++++ INFORMATION PROVIDED ++++

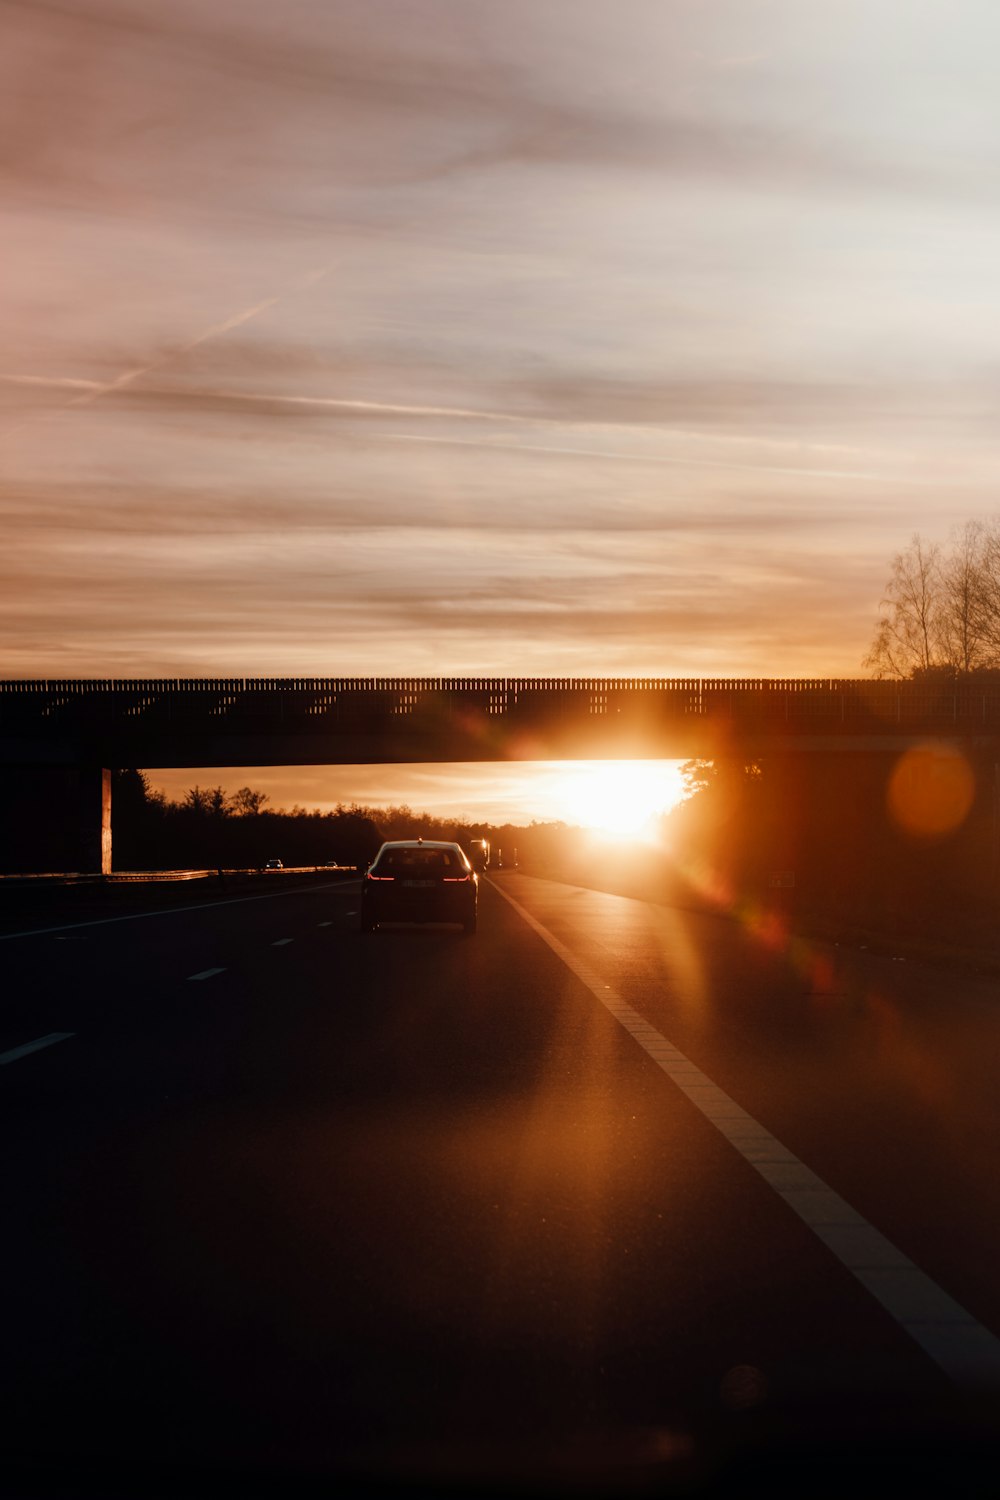 black car on road during sunset
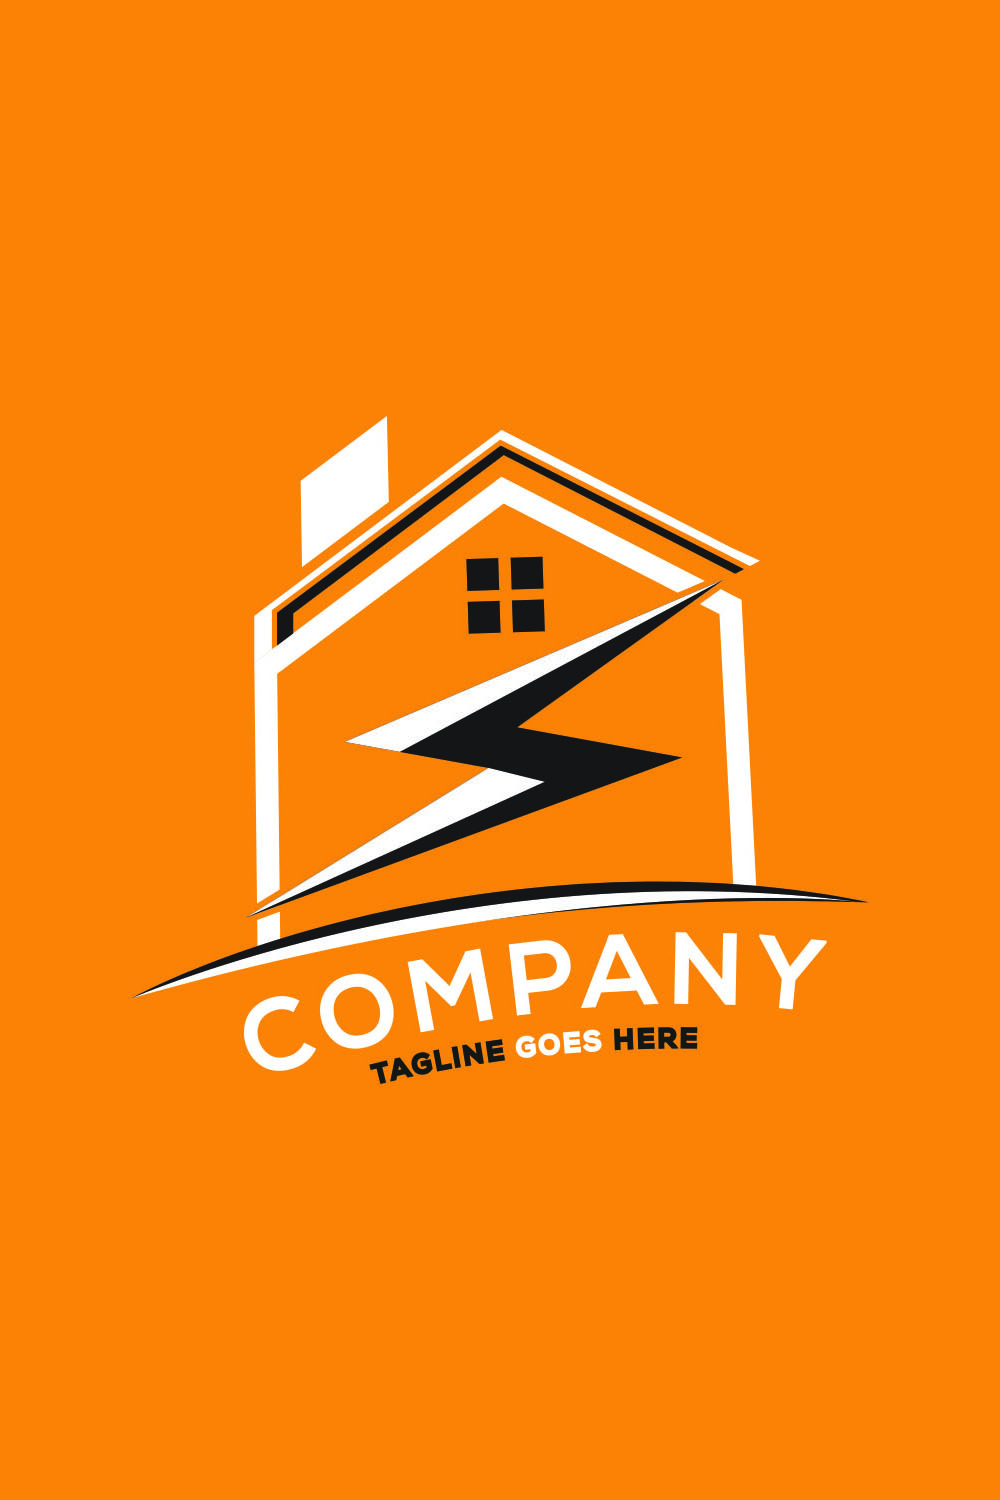 Electrical House Logo Pinterest image.
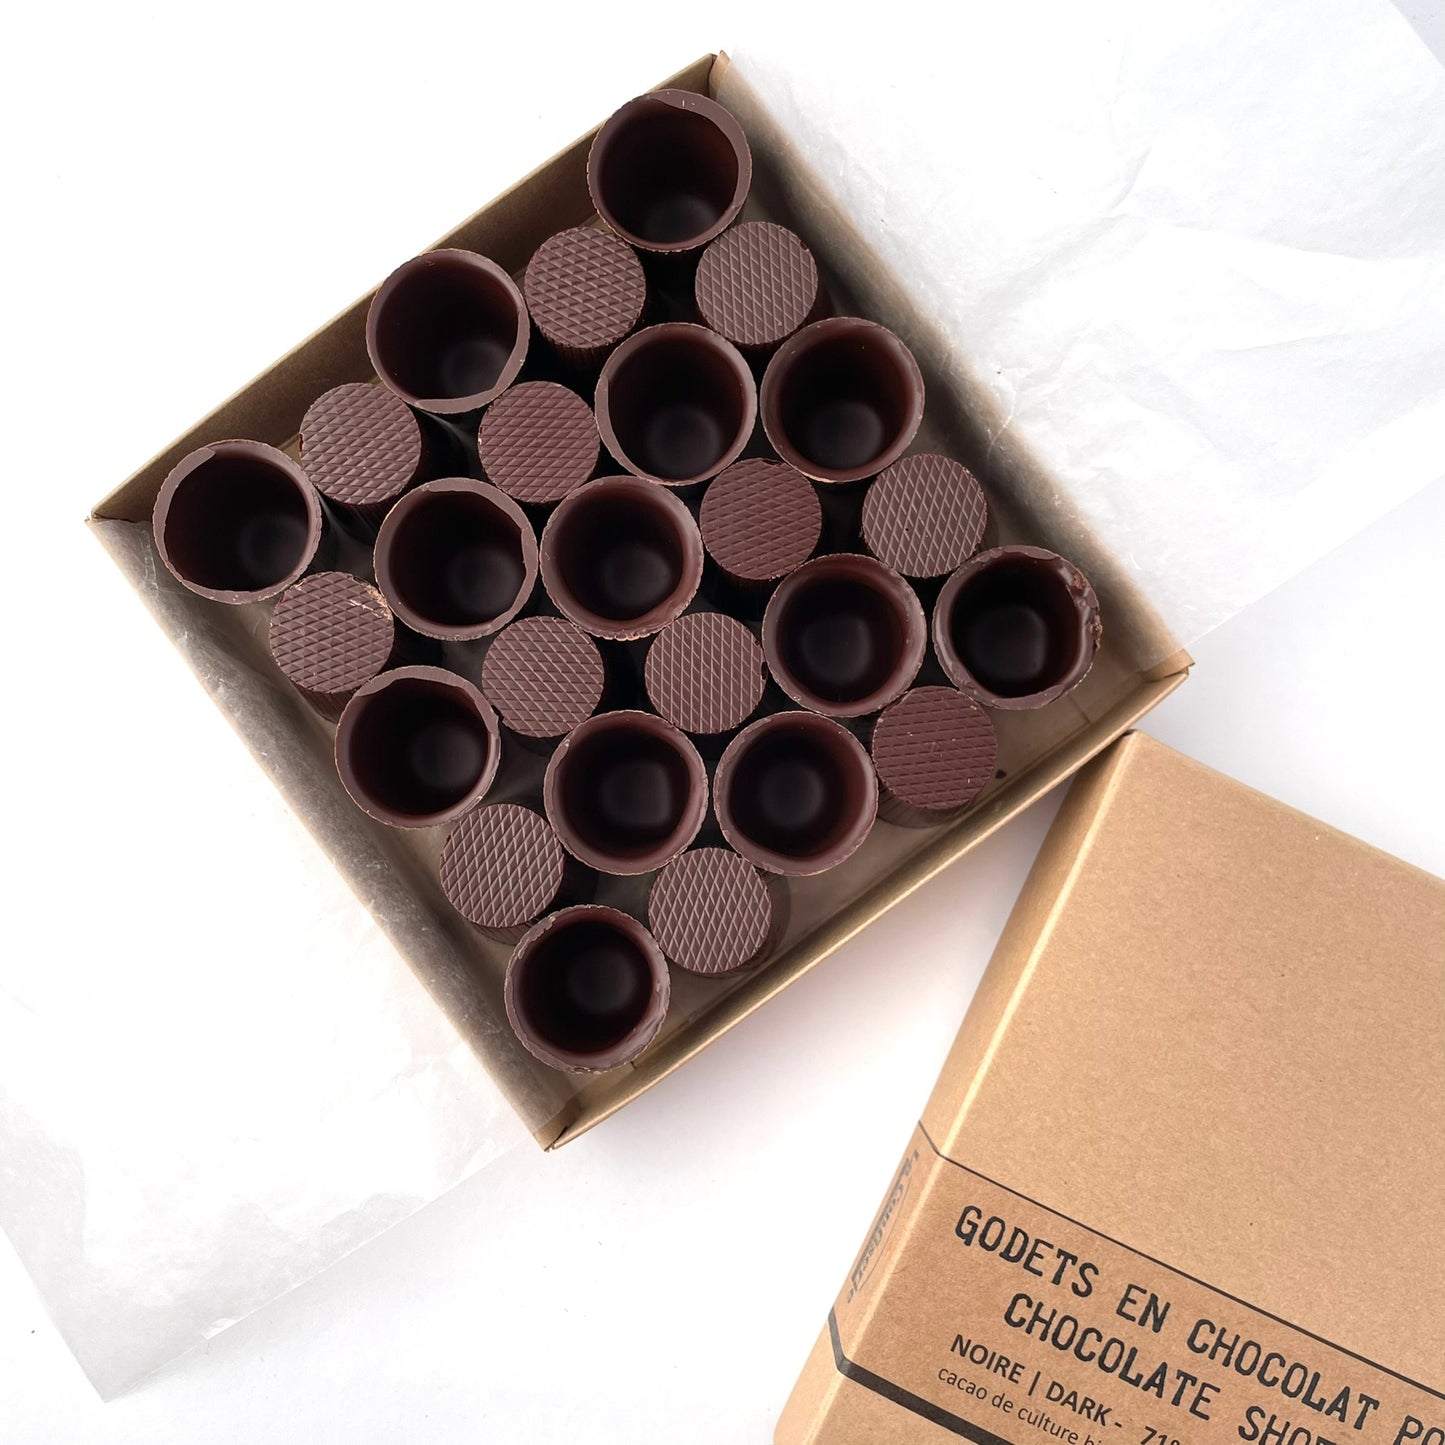 Chocolate shots made of dark chocolate 71% cacao - box of 25
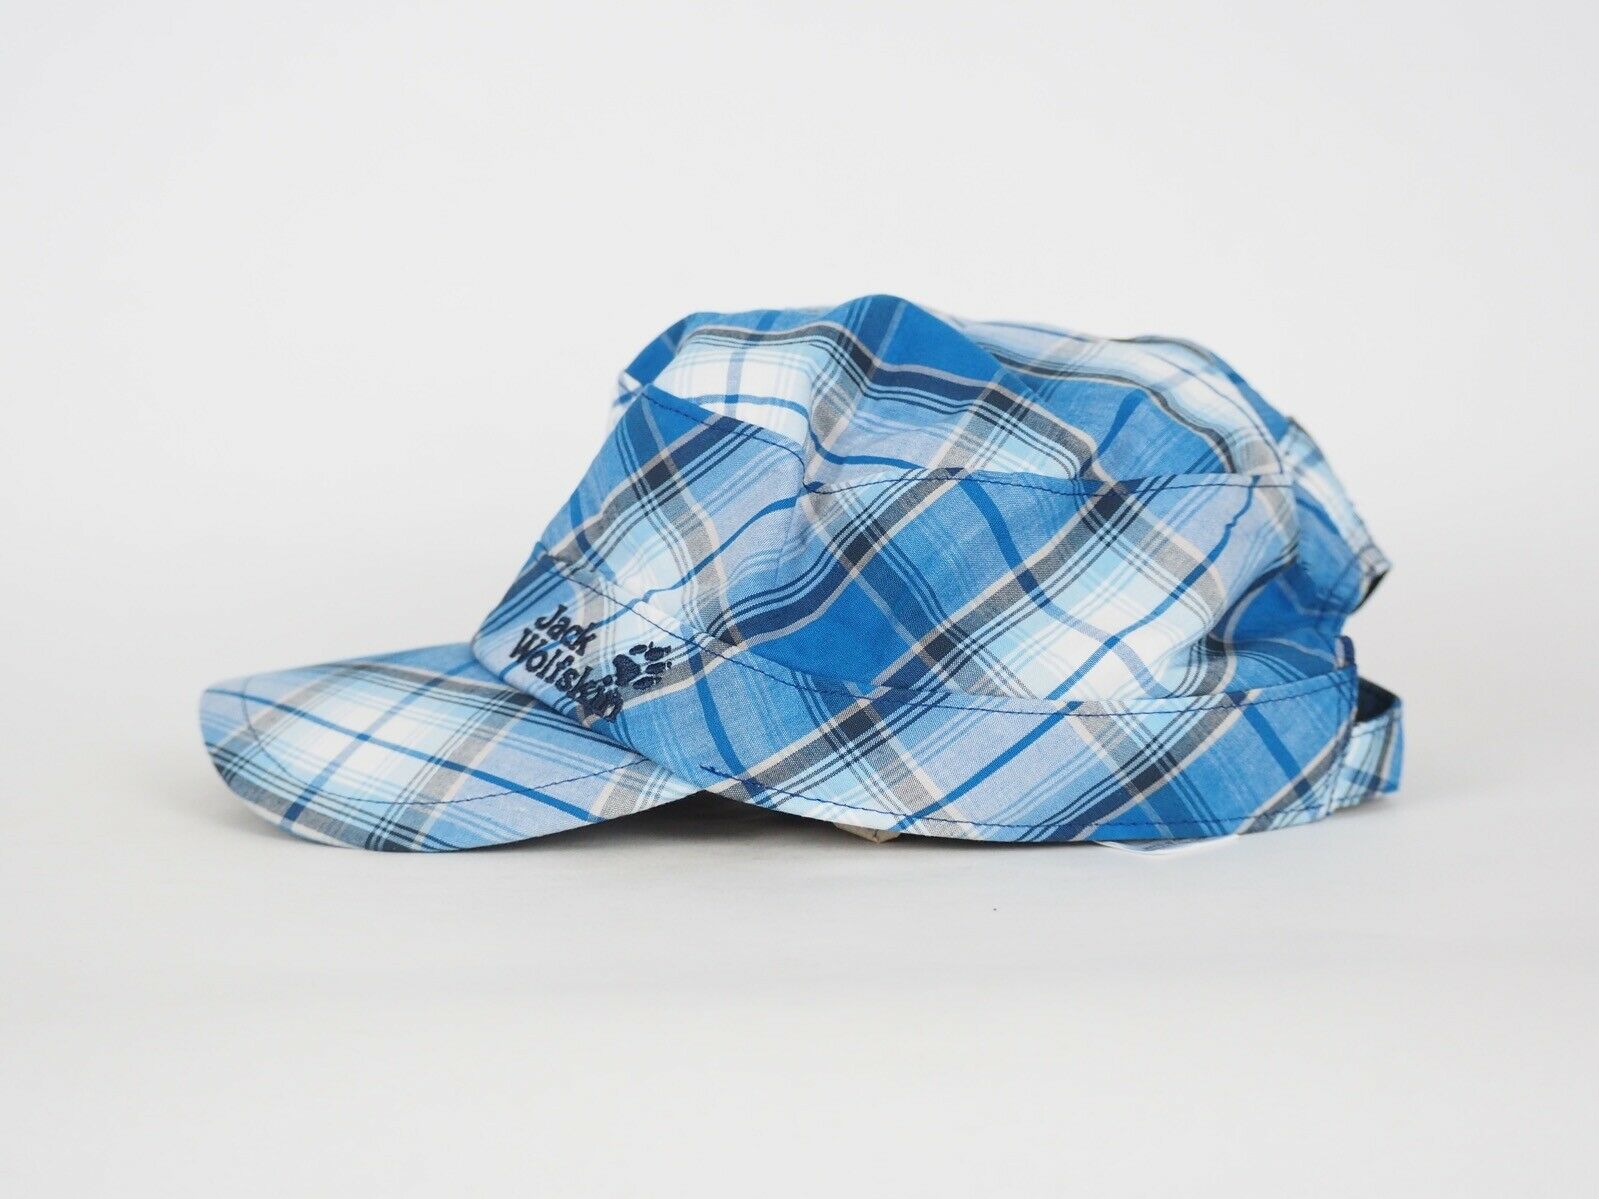 Jack Wolfskin Fairford 5008271 Air Blue Checks Cap Casual Kids Summer Hat - London Top Style

++++

EXERCISE DIRECTIONS> Would you retype every line shown above exactly, leaving the pictures aside?

RESPONSE AREA>
 black car on road during sunset
 Electrical House Logo Pinterest image.
 Chocolate shots made of dark chocolate 71% cacao - box of 25
 Jack Wolfskin Fairford 5008271 Air Blue Checks Cap Casual Kids Summer Hat - London Top Style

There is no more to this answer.